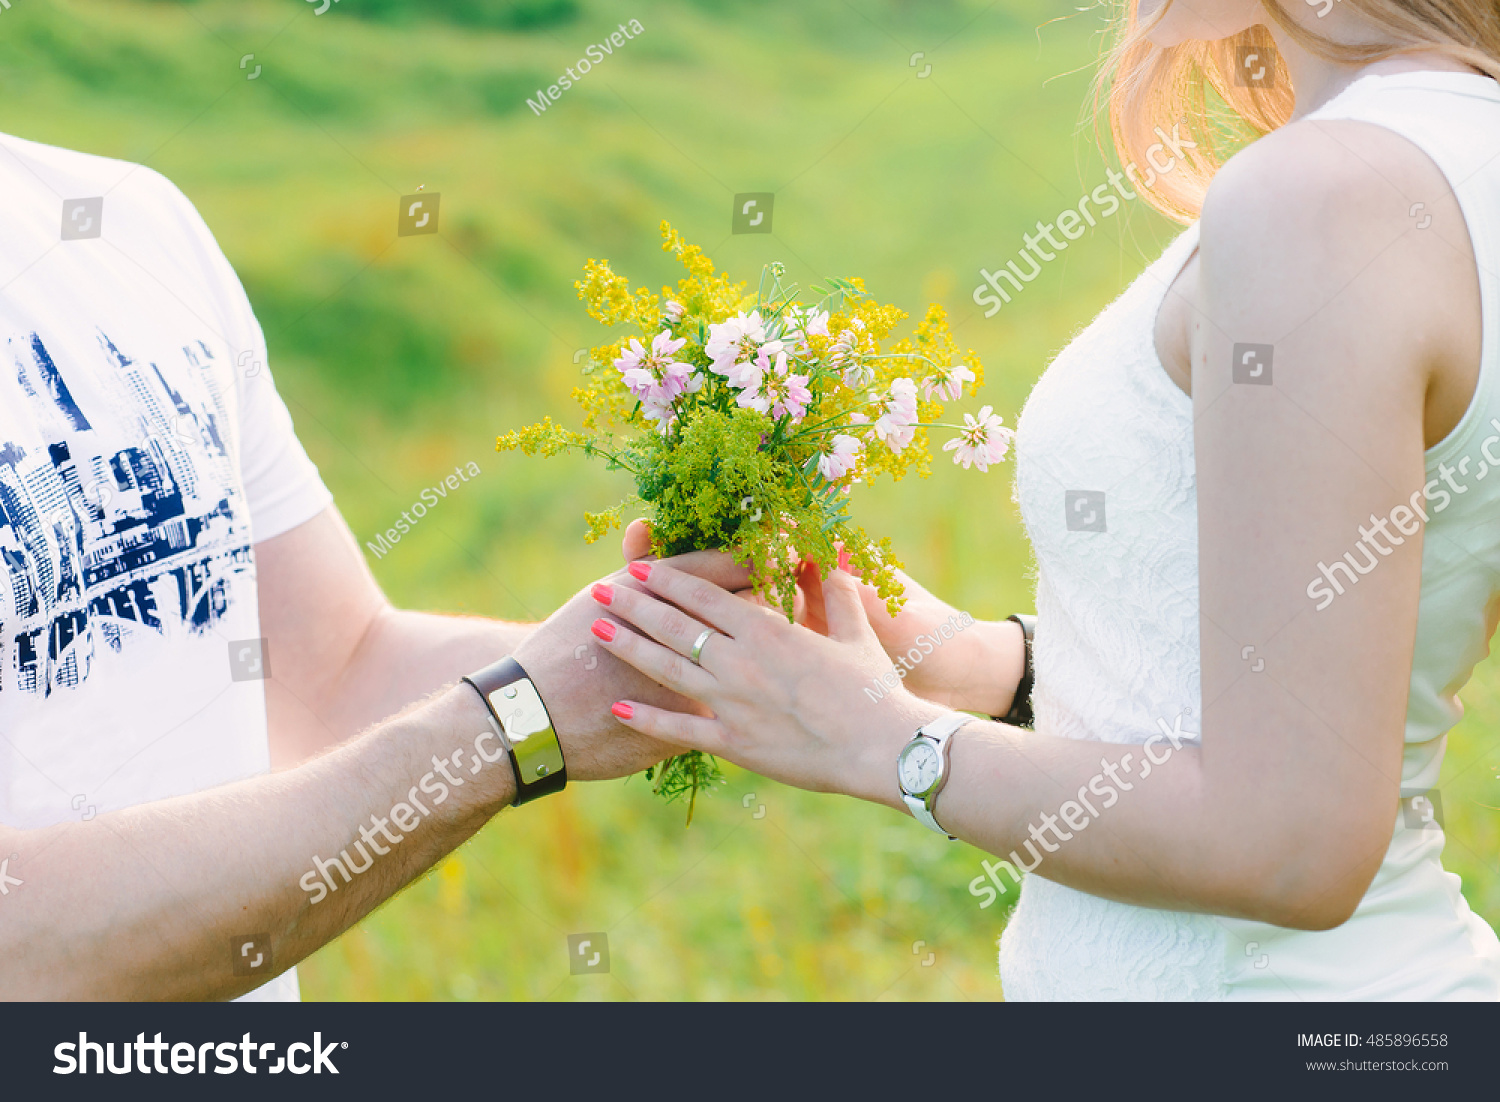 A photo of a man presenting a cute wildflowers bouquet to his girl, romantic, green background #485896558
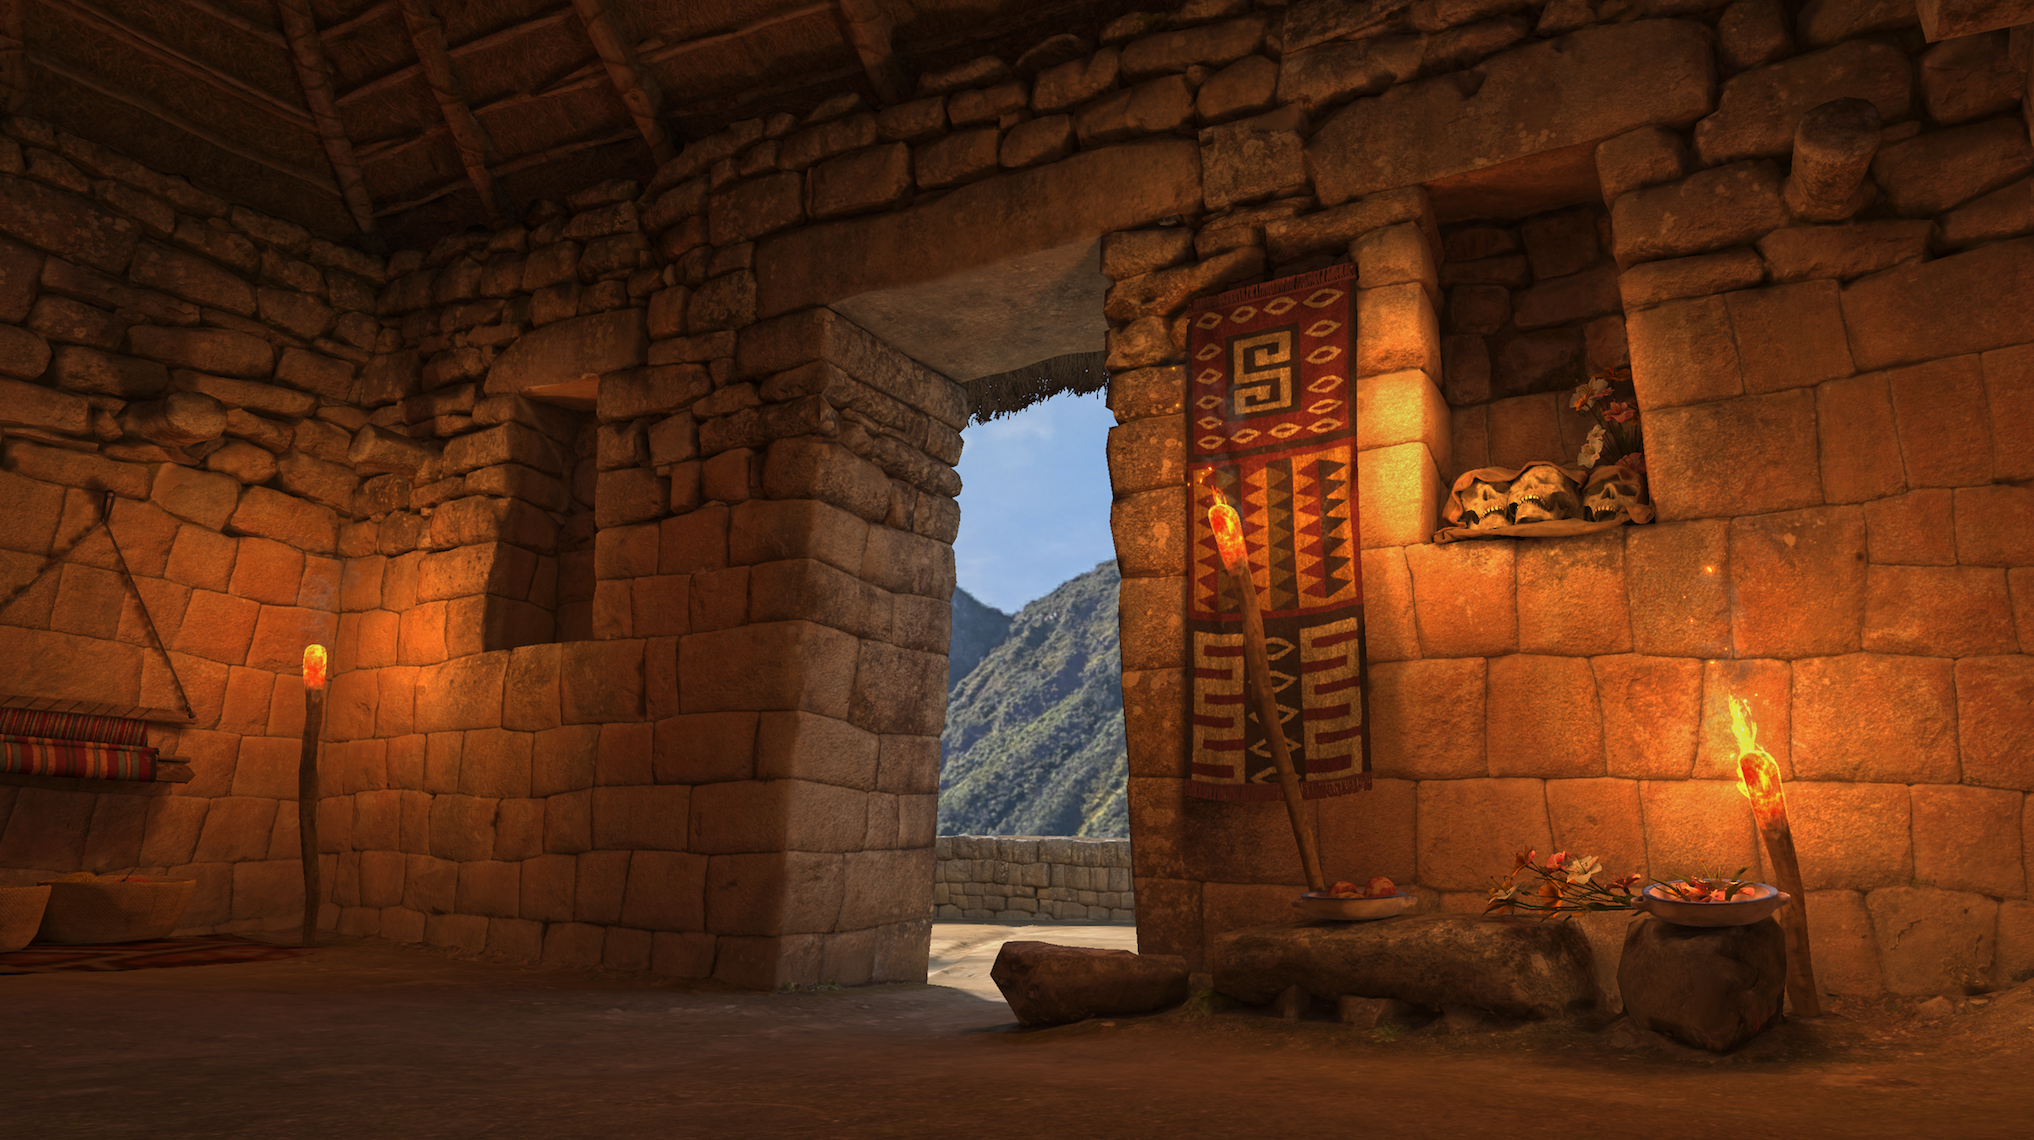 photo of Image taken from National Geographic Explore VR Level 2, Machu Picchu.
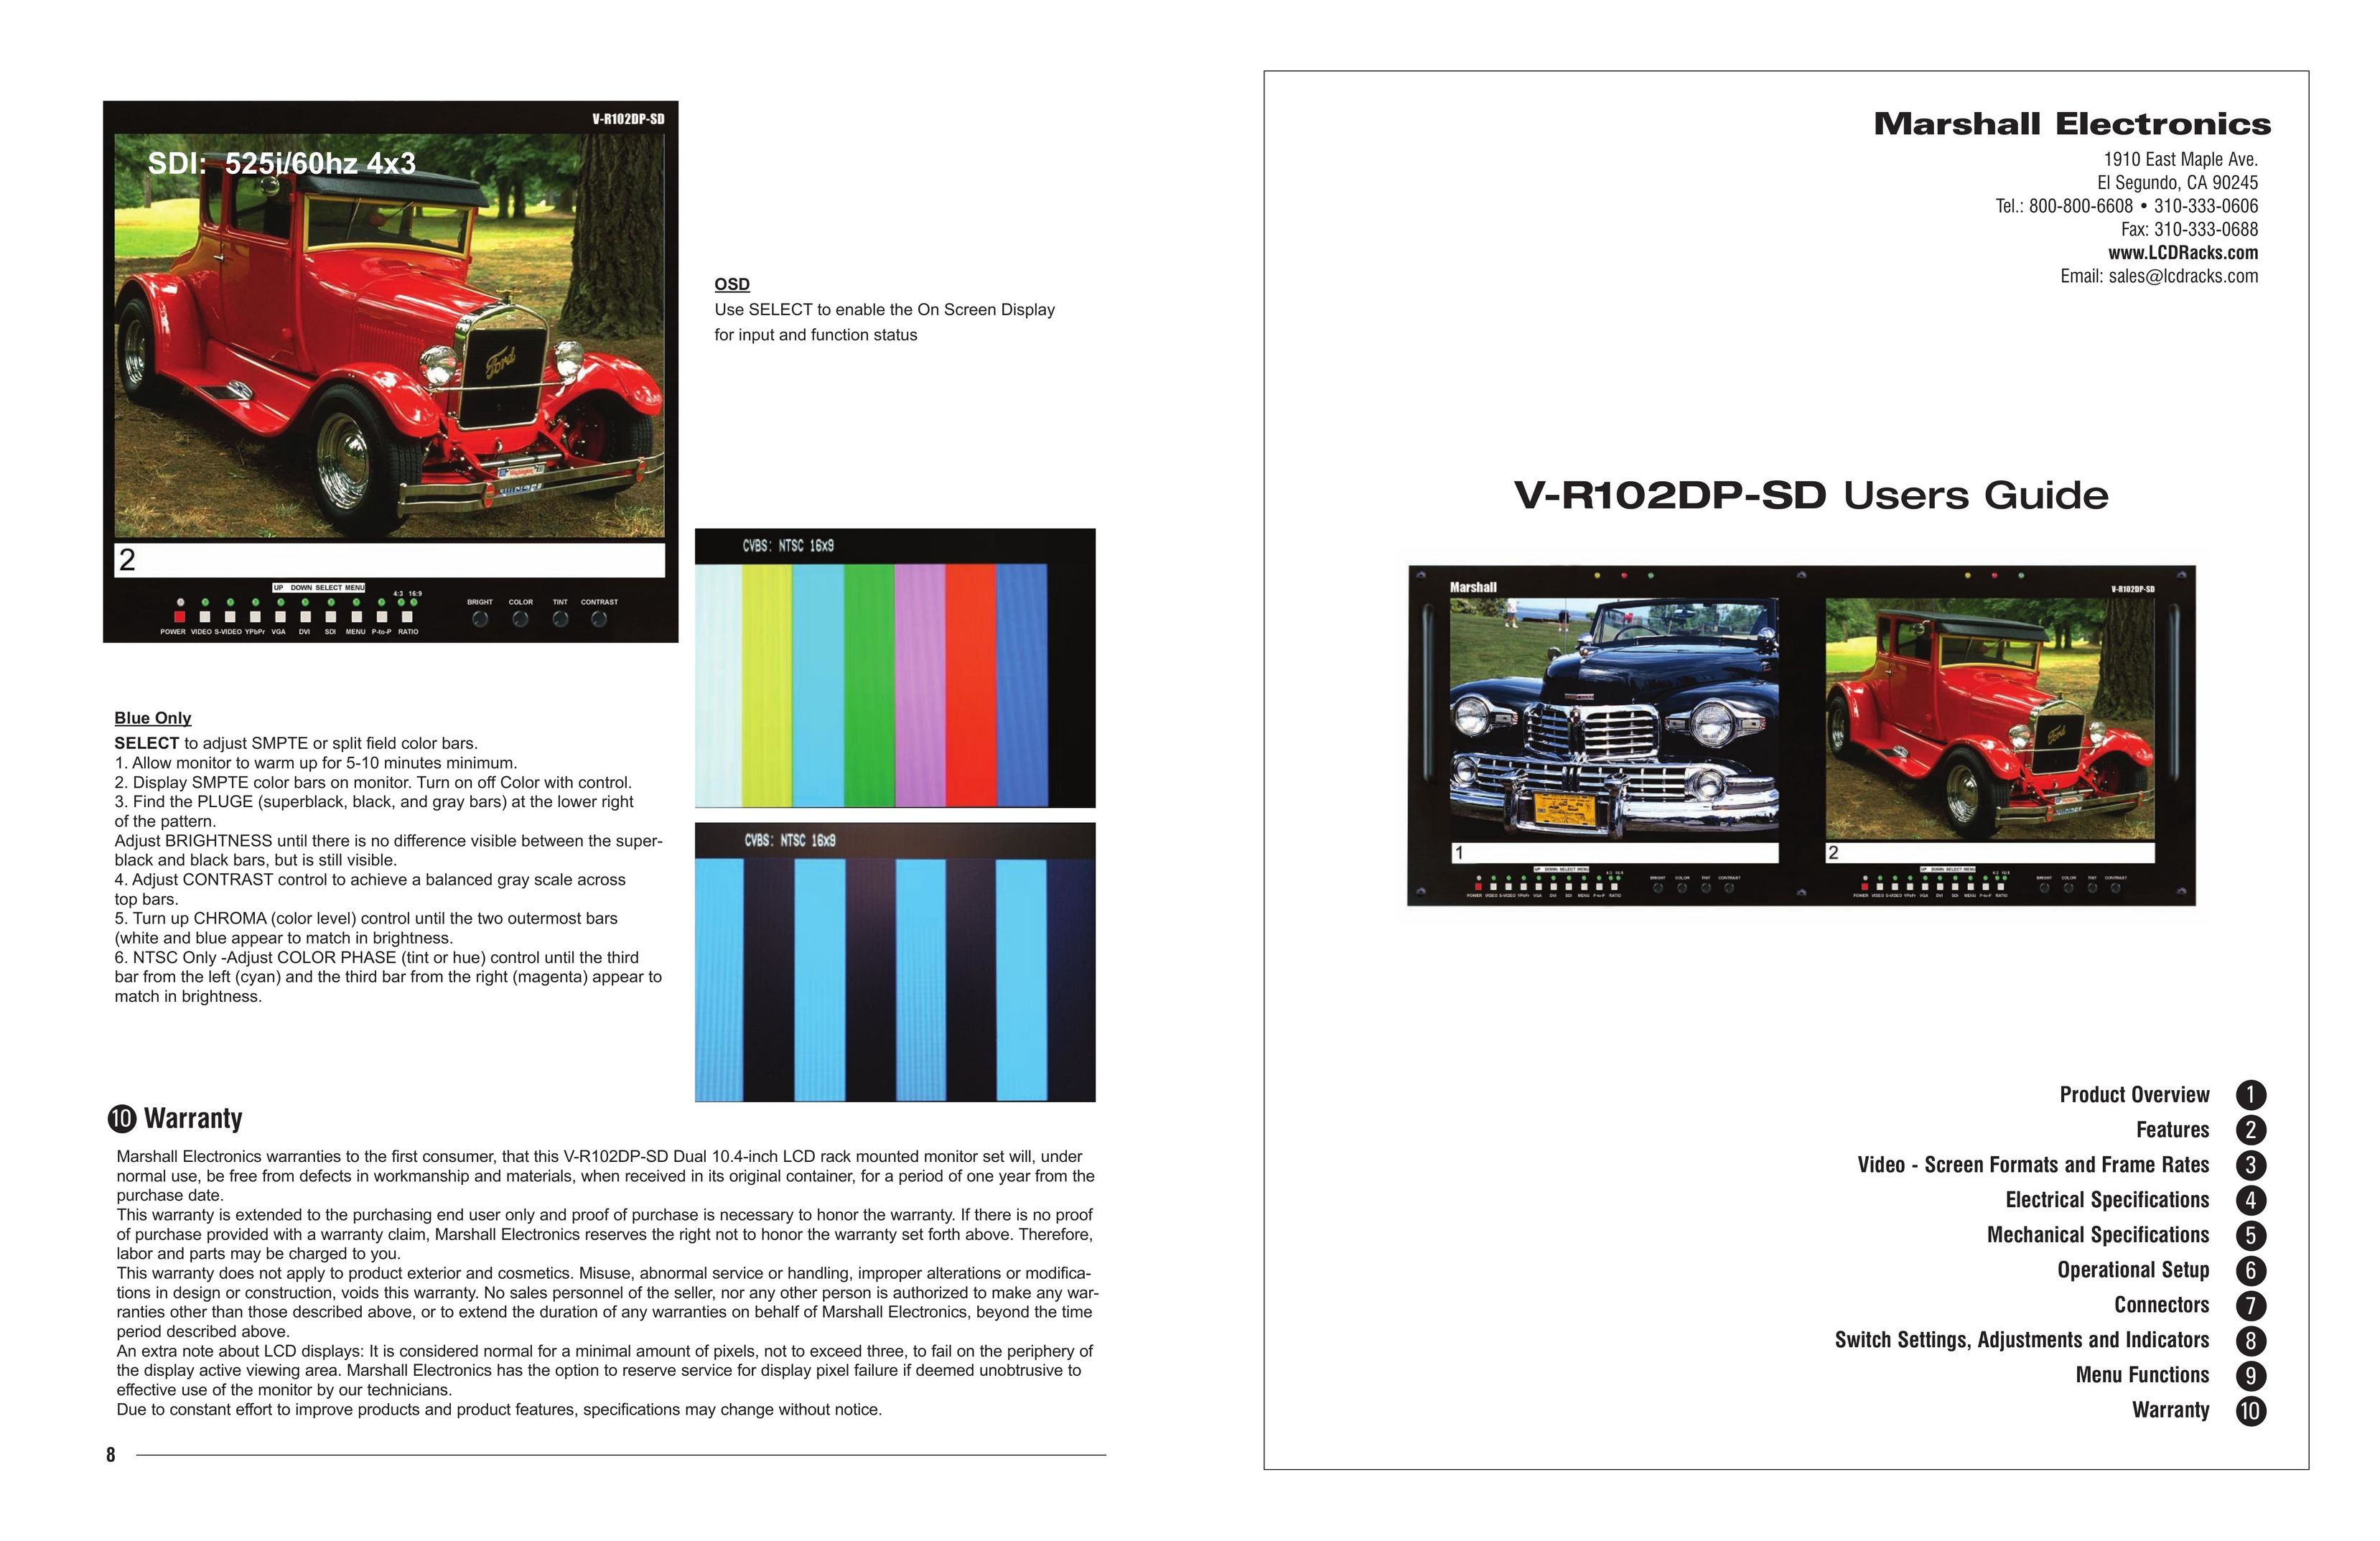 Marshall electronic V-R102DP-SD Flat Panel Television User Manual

Directions.
Type the listing out again word for word, passing over each picture.

Exercise output.
 A photo of a man presenting a cute wildflowers bouquet to his girl, romantic, green background #485896558
 photo of Image taken from National Geographic Explore VR Level 2, Machu Picchu.
 Marshall electronic V-R102DP-SD Flat Panel Television User Manual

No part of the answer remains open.